What Happens With an Insolvent Estate?
Debts still need to be dealt with after death. According to the law in England and Wales this means the responsibility to deal with the situation falls to the ‘personal representative’ (the executor or administrator).
The personal representative will have the task of settling the insolvent debt via the appropriate legal means. This may mean taking professional advice initially, but afterwards the first step will be to ascertain what type of debts remain outstanding.
For example, if the debts were held jointly with another party, the debt becomes that individuals responsibility.
If the debts were held only by the deceased, it may be that a life insurance policy could pay the debts off.
Where no insurance exists, the Personal Representative then has the task of administering the estate in the interests of those creditors owed money.
Despite popular misconception, death does not mean someone’s debts disappear. Rather, the situation continues as with a normal bankruptcy, with some points of difference.

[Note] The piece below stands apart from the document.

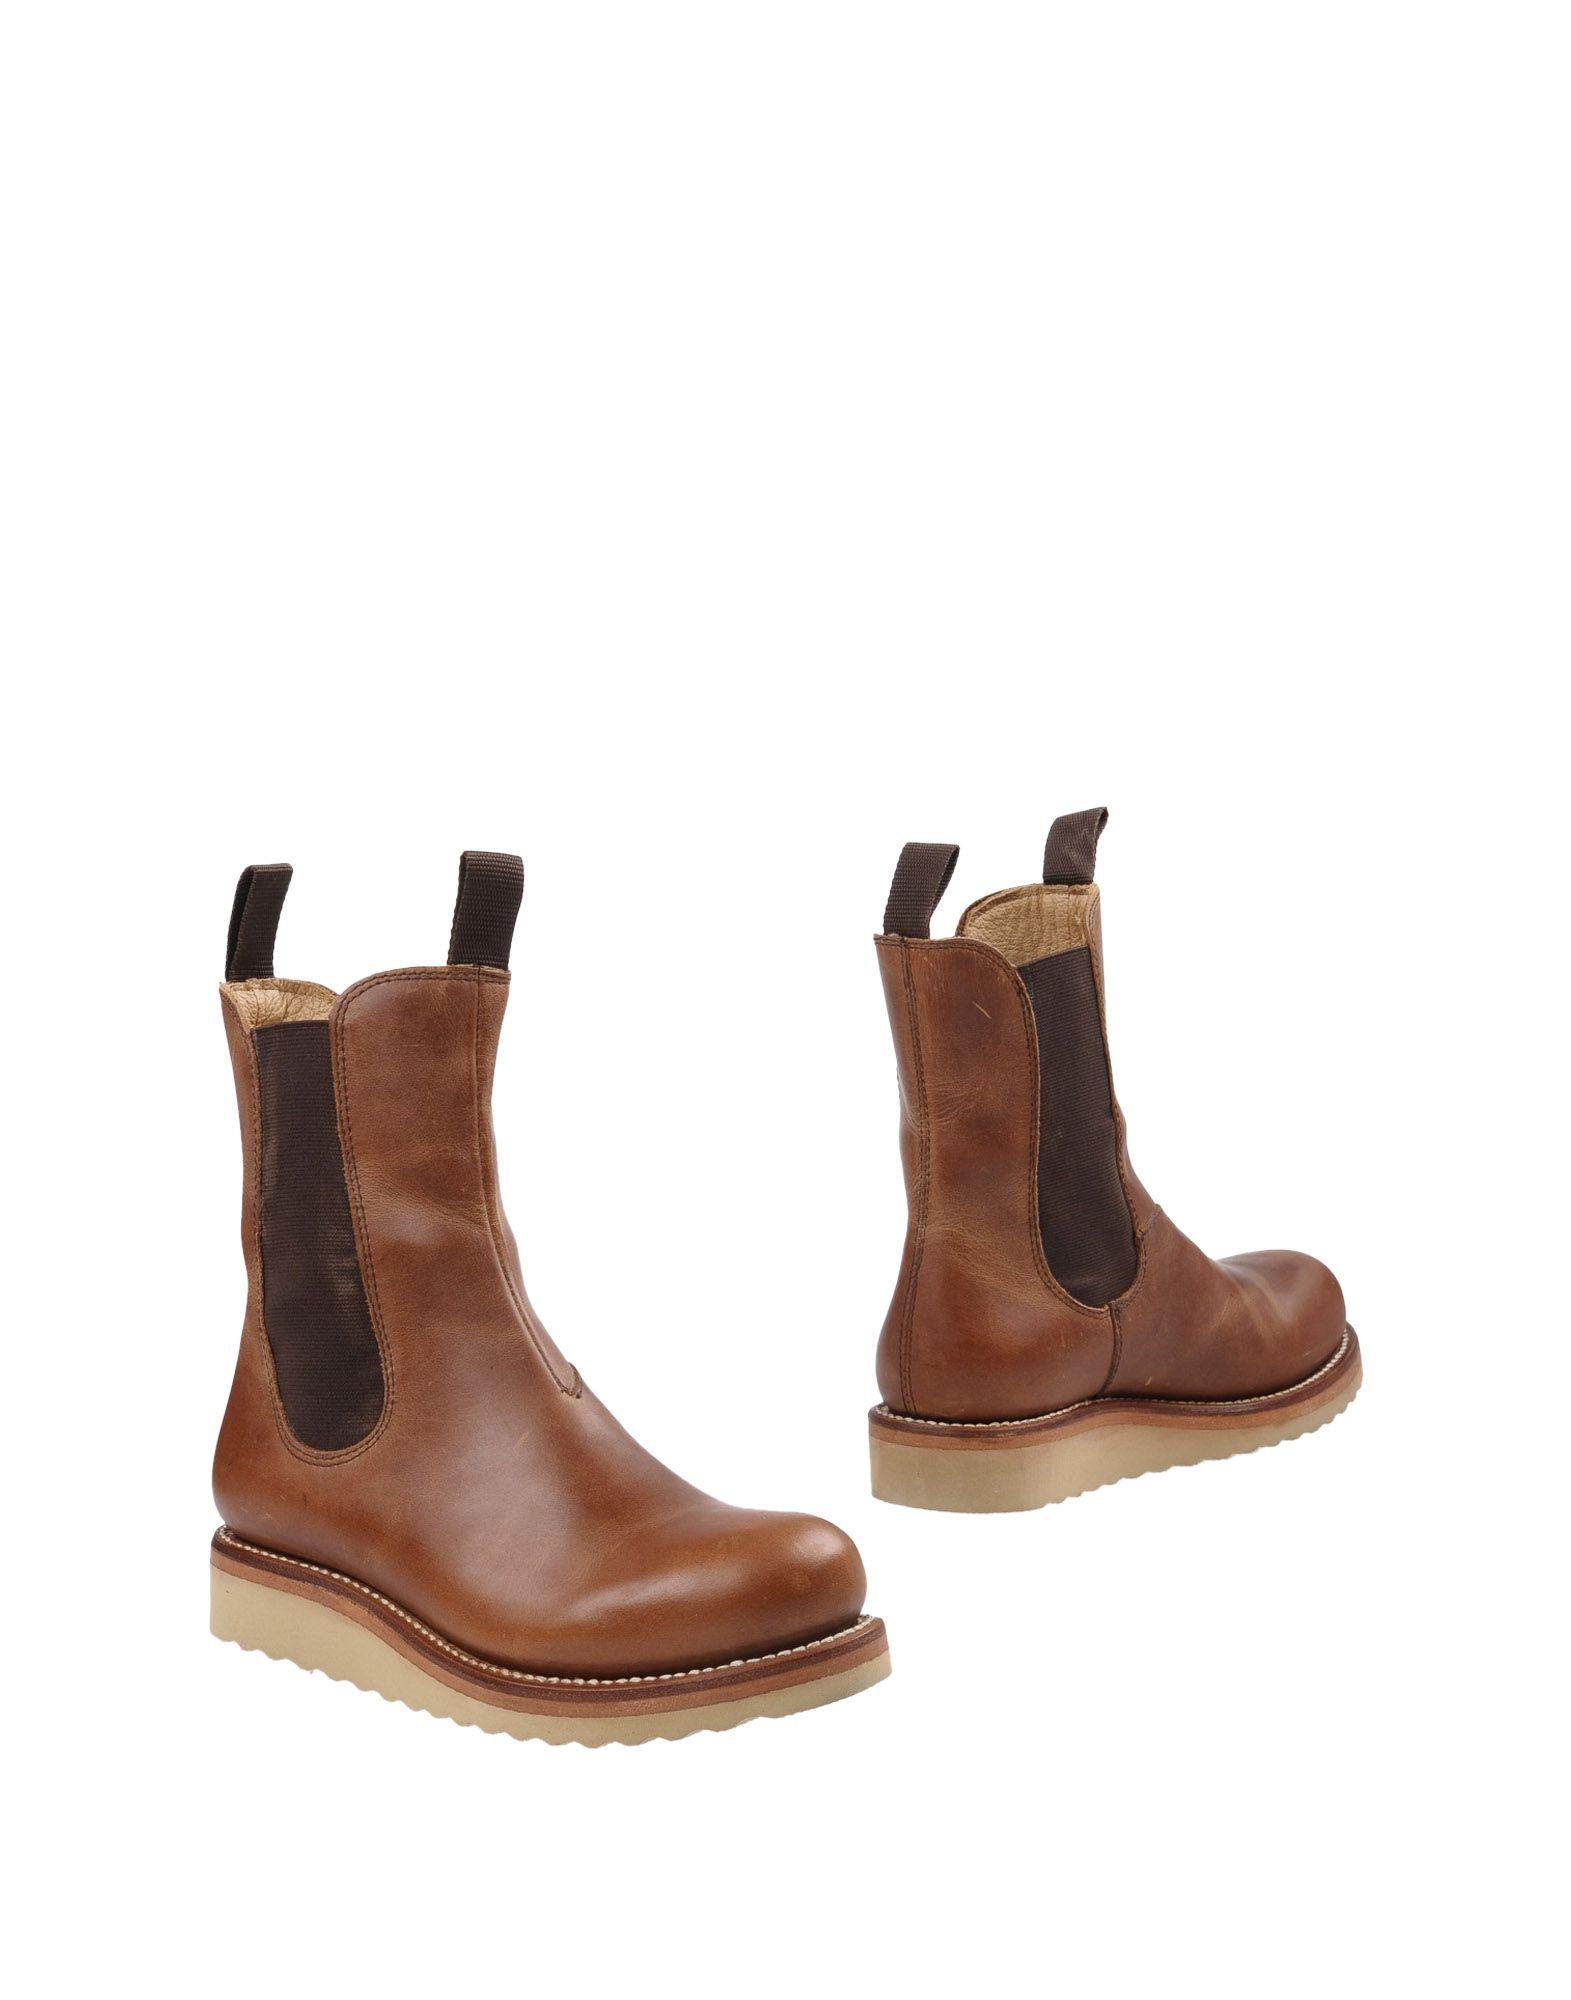 pantofola d 39 oro ankle boots shop at ebates. Black Bedroom Furniture Sets. Home Design Ideas

If the deceased individual was already subject to a bankruptcy order at the time of death, the normal process of bankruptcy simply continues.
Where this is not the case, things proceed as per the rules laid out in the Administration of Insolvent Estates of Deceased Persons Order, 1986.
What is an Insolvency Administration Order?
In order to manage the insolvent estate, the personal representative will need to apply for what is called an ‘Insolvency Administration Order.’
This is a legal mandate from the court which appoints a trustee to pay creditors.
In fact, creditors themselves can apply for this, if they can demonstrate to the court that its ‘reasonably probable’ the estate is insolvent.
In What Order are Creditors Paid From an Insolvent Estate?
It may be that not all creditors can be paid from an insolvent estate. With what money is available the following hierarchy of payment must be adhered to:
- Secured creditors come first (commonly something like a mortage)
- Funeral expenses follow
- Testamentary expenses (which might be expenses the Personal Representative incurs during the process)
- Preferential creditors
- Unsecured creditors (this includes utility bills)
- Interest due on unsecured loans
- Deferred debts
Is Personal Debt Inherited by Family Members After Death?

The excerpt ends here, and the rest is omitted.